§ **Task statement**
Write the listing below out again in full, dropping its pictures.

[[ Input data open ]]

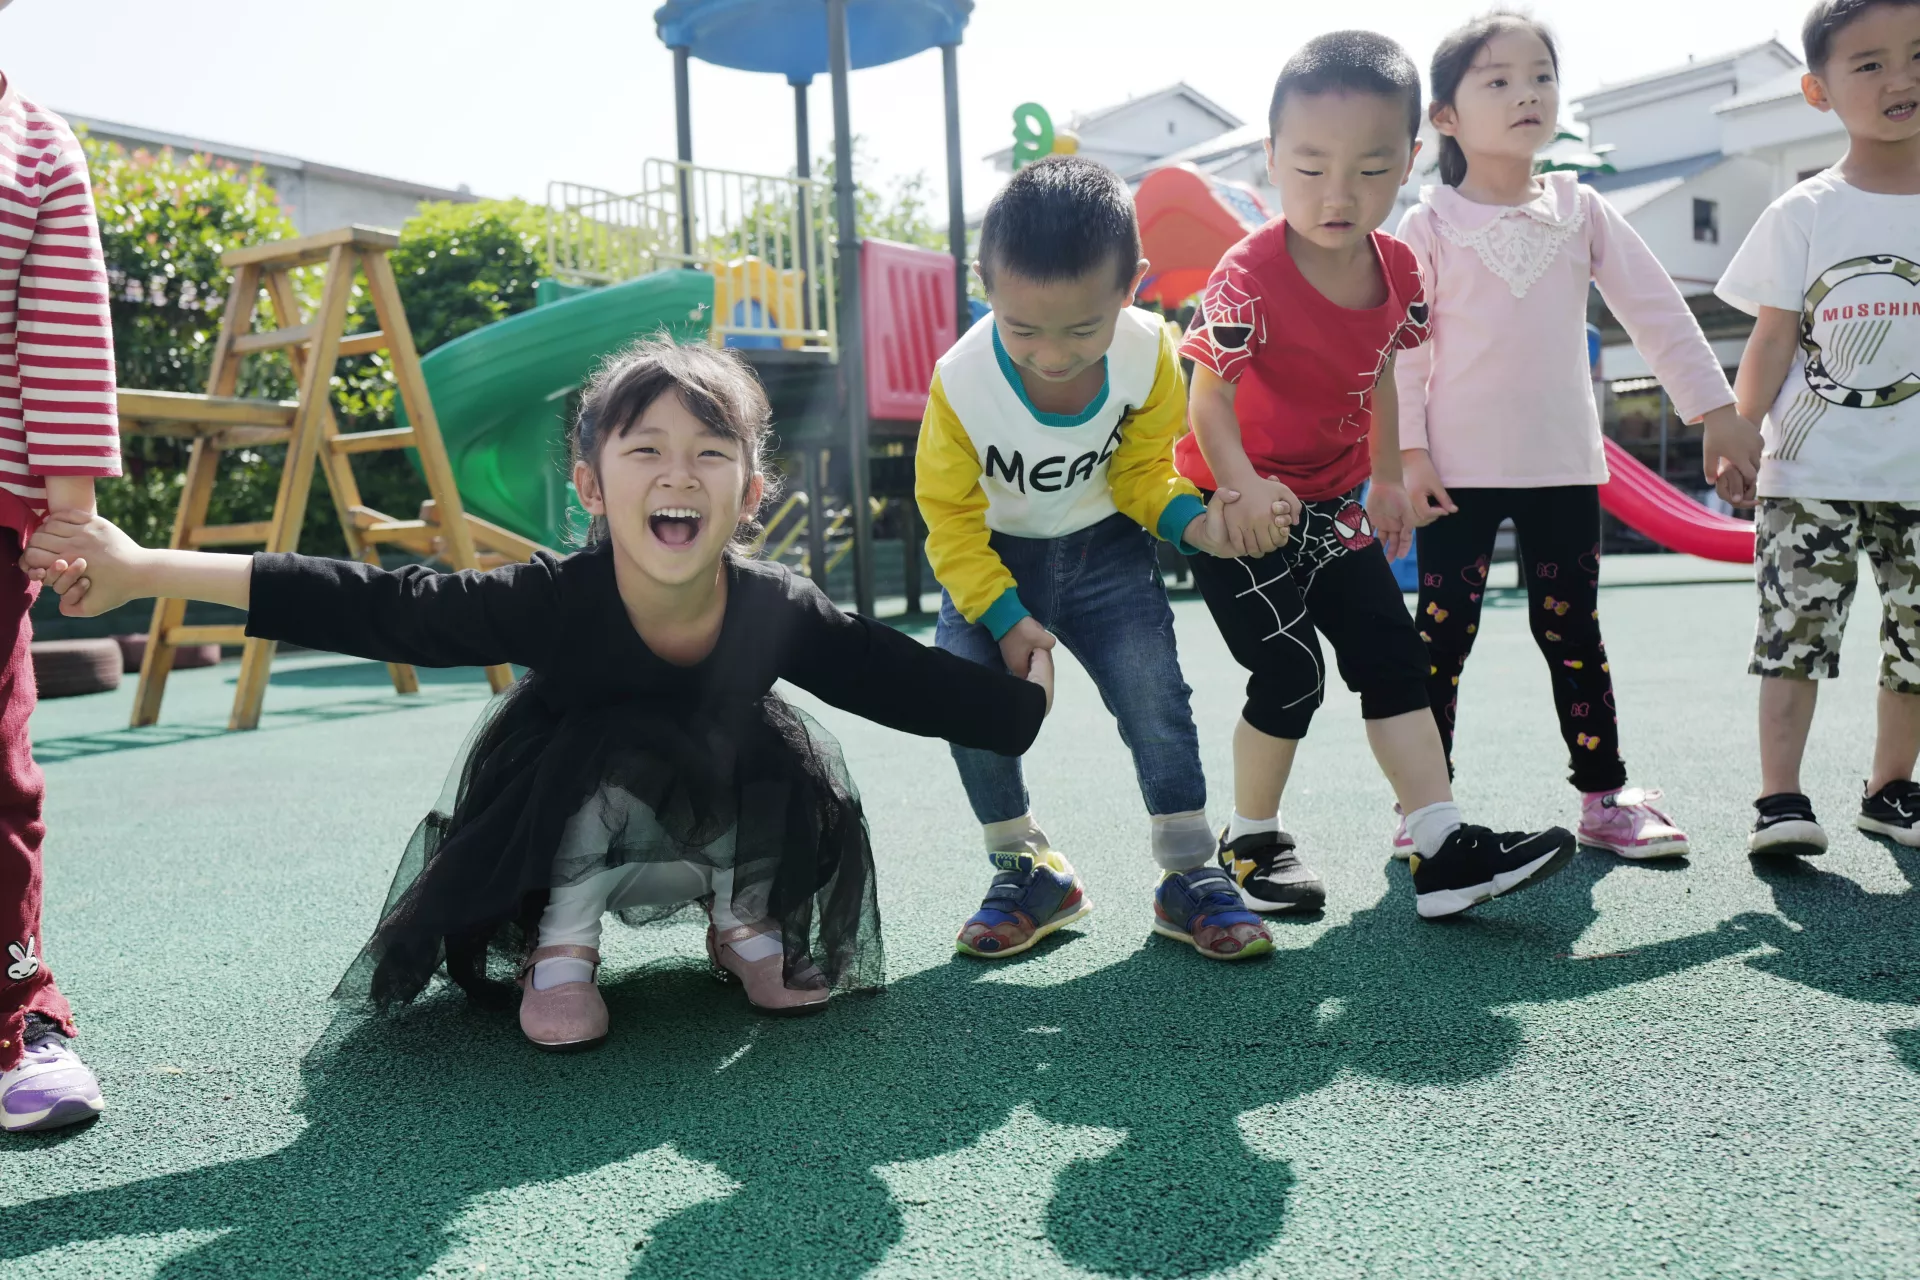 Children in the Yelang Village Kindergarten play games at the playground.
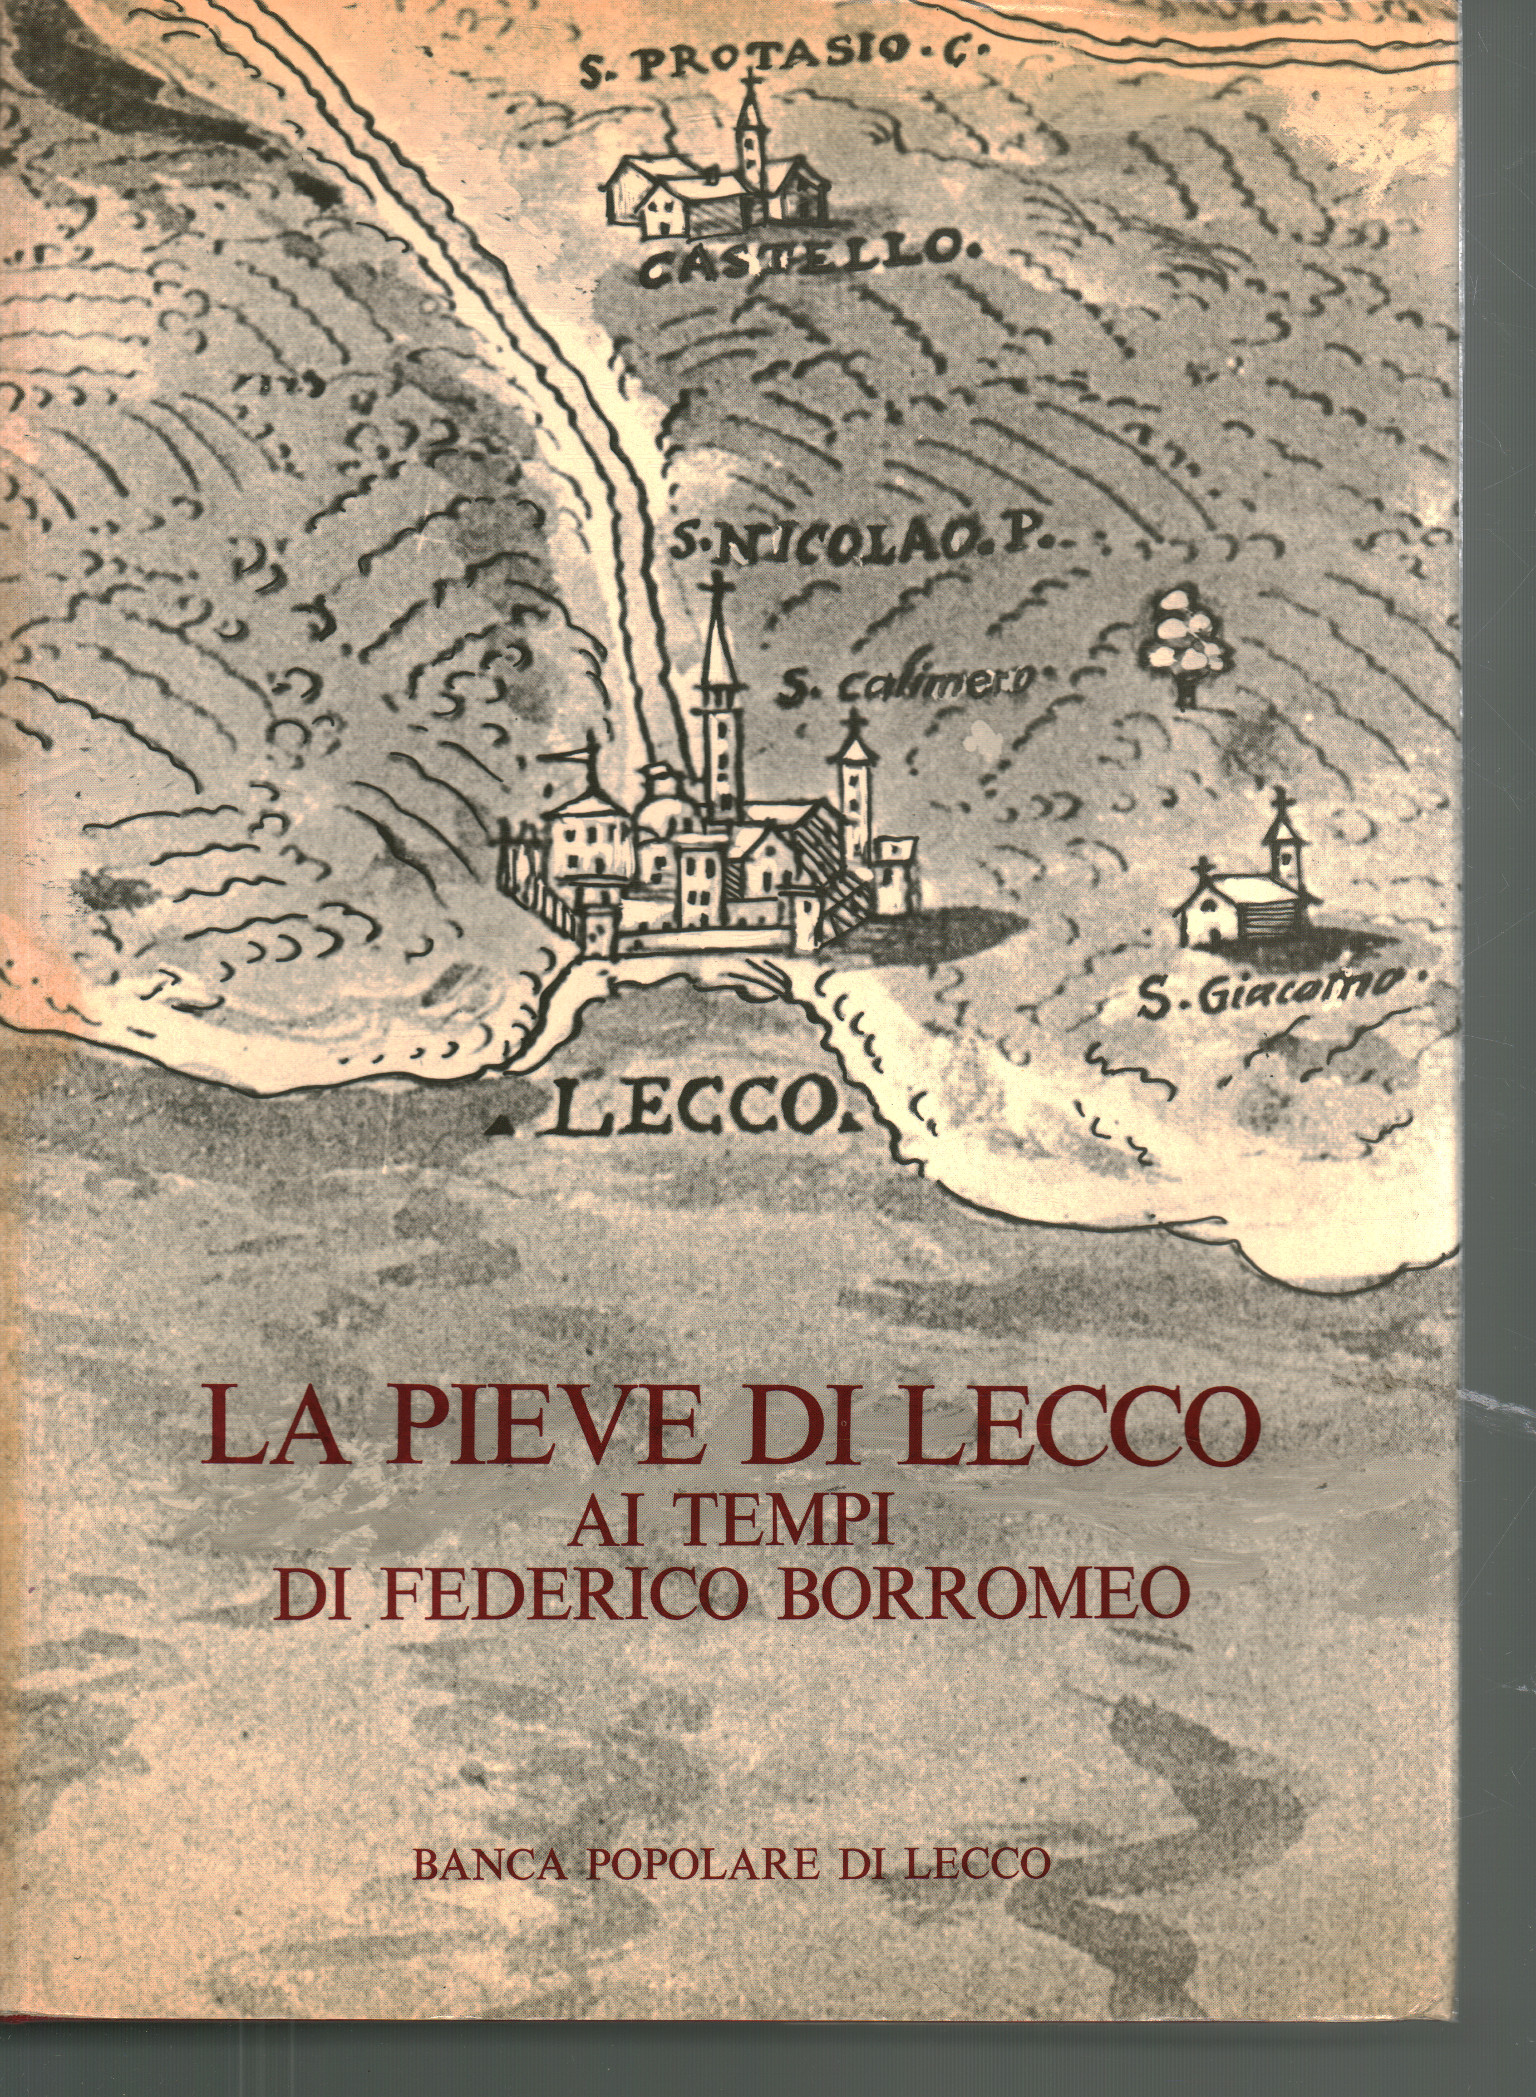 Die Pieve di Lecco in der zeit Friedrichs Borromeo, Carlo Marcora
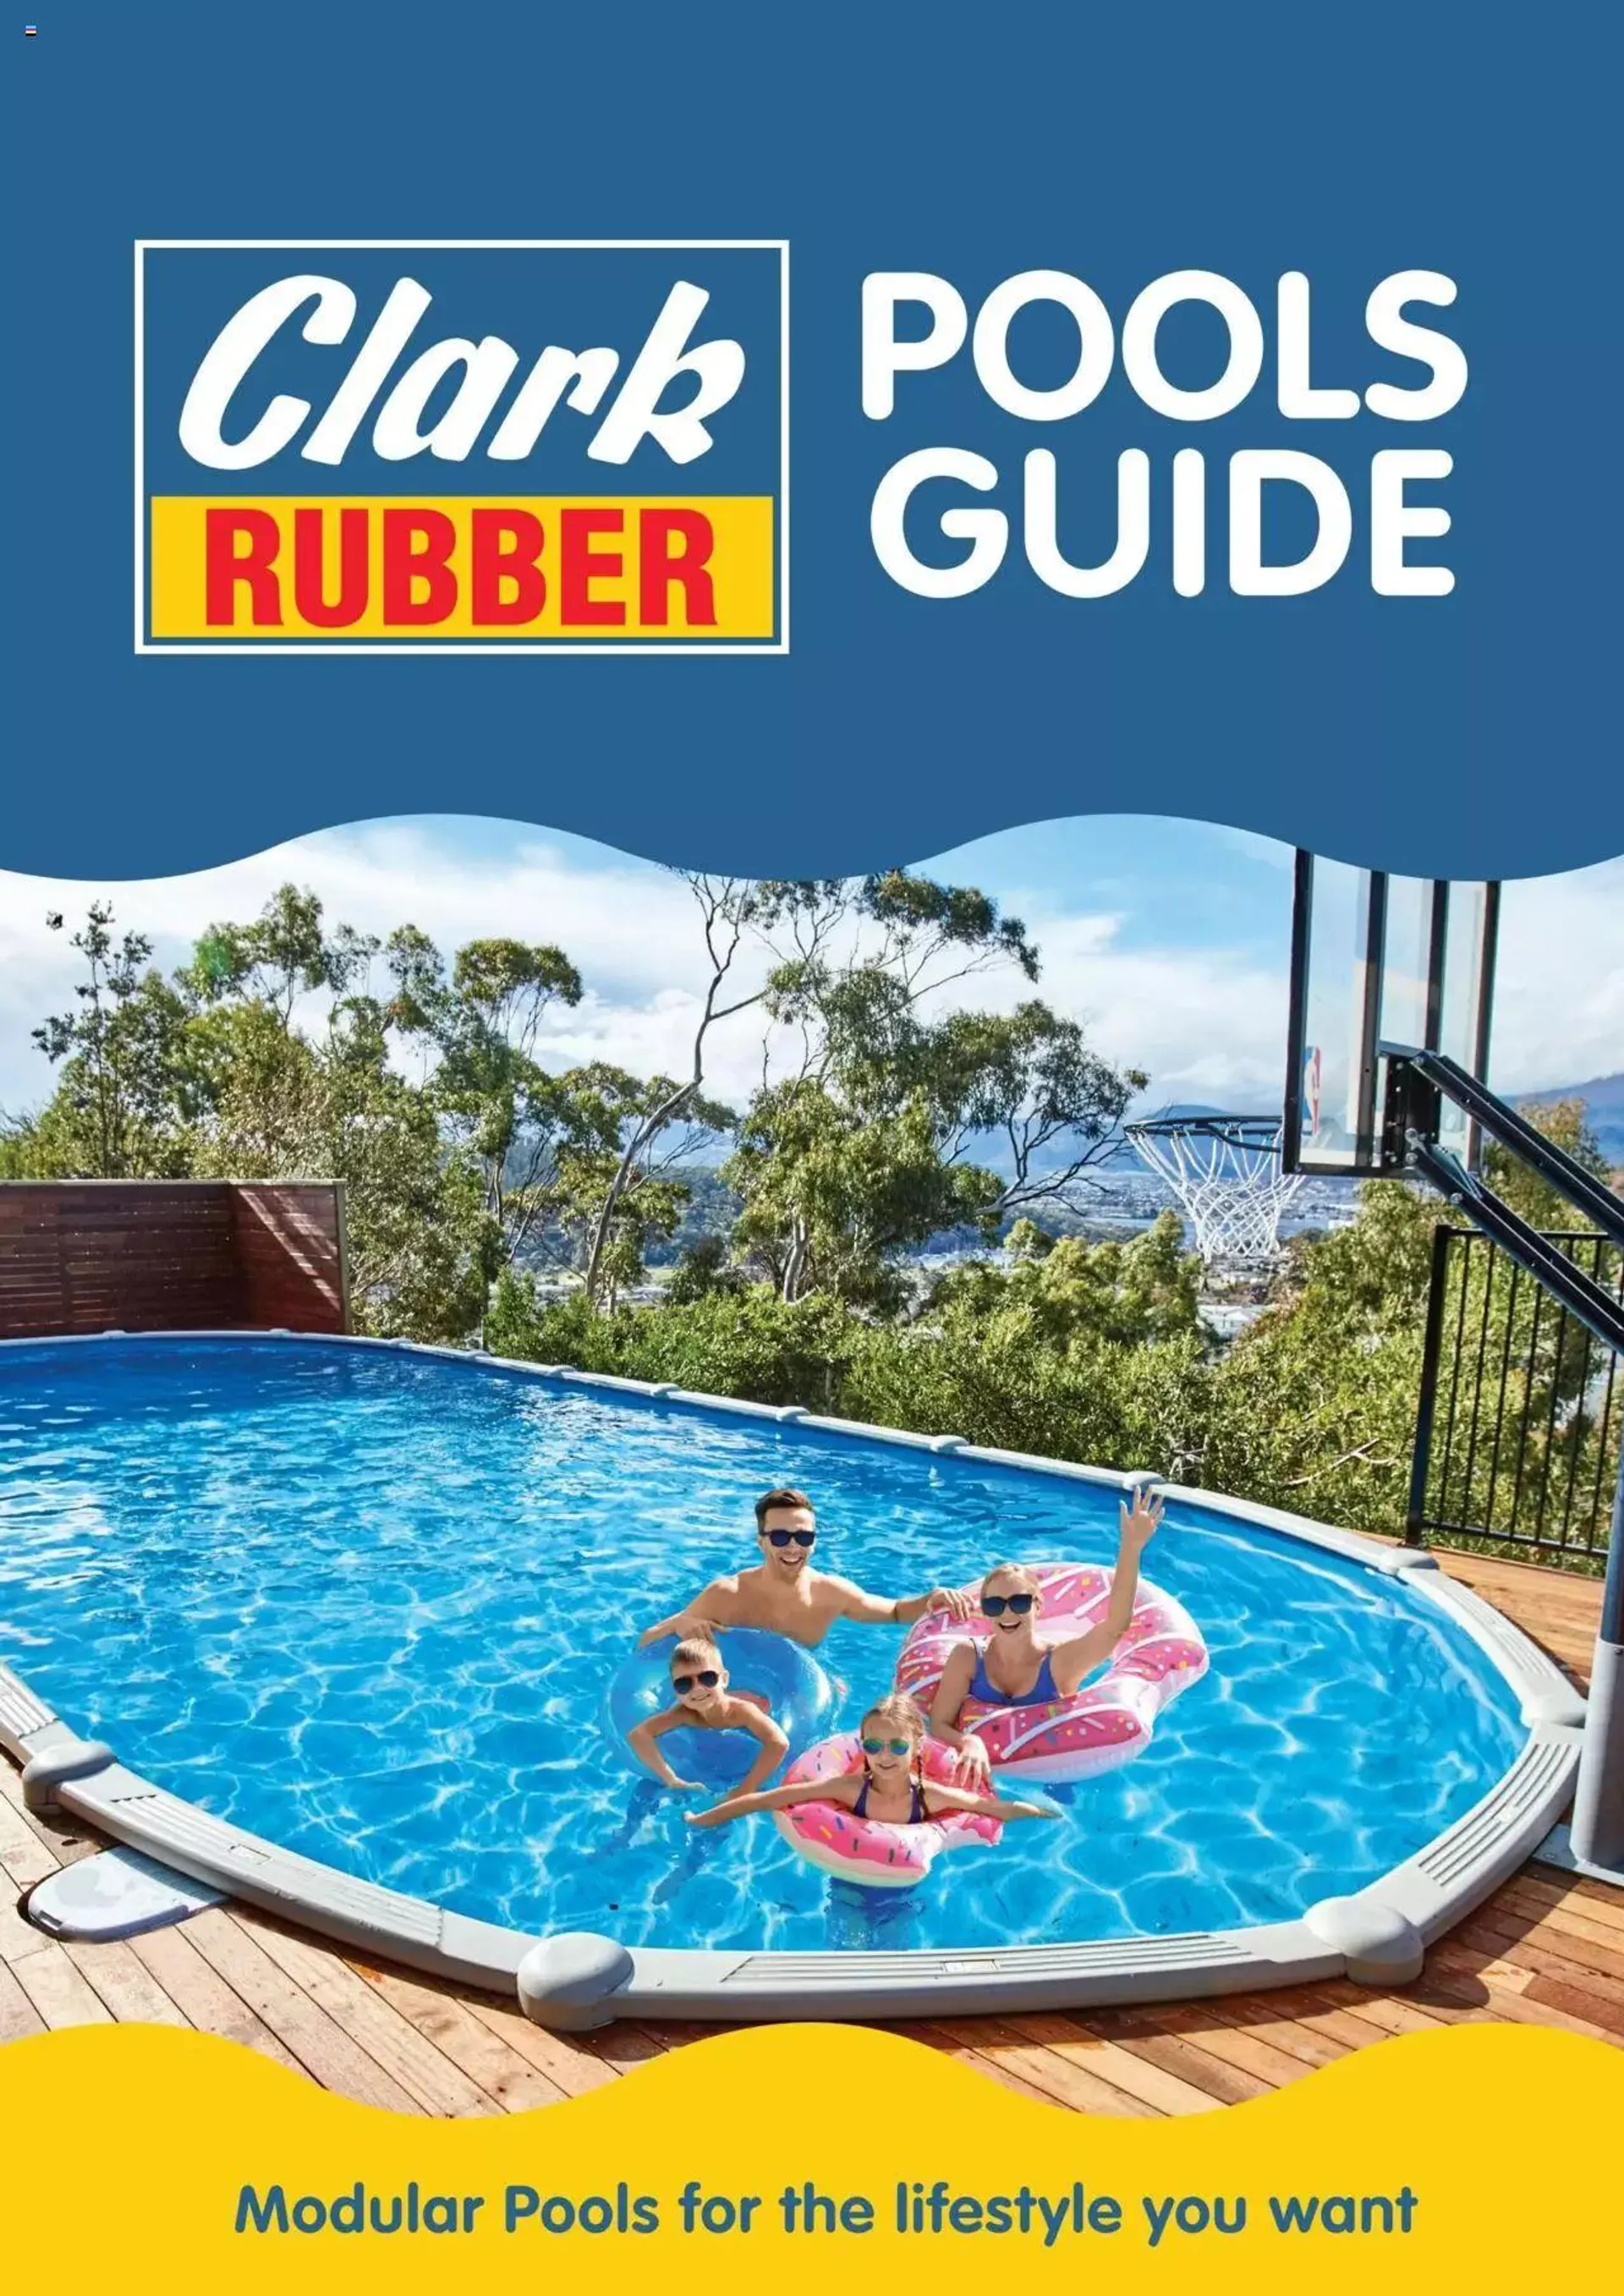 Clark Rubber Pool Guide - 0

[[ Input data closed ]]

§ **Result of the exercise**
 Children in the Yelang Village Kindergarten play games at the playground.
 Die Pieve di Lecco in der zeit Friedrichs Borromeo, Carlo Marcora
 Clark Rubber Pool Guide - 0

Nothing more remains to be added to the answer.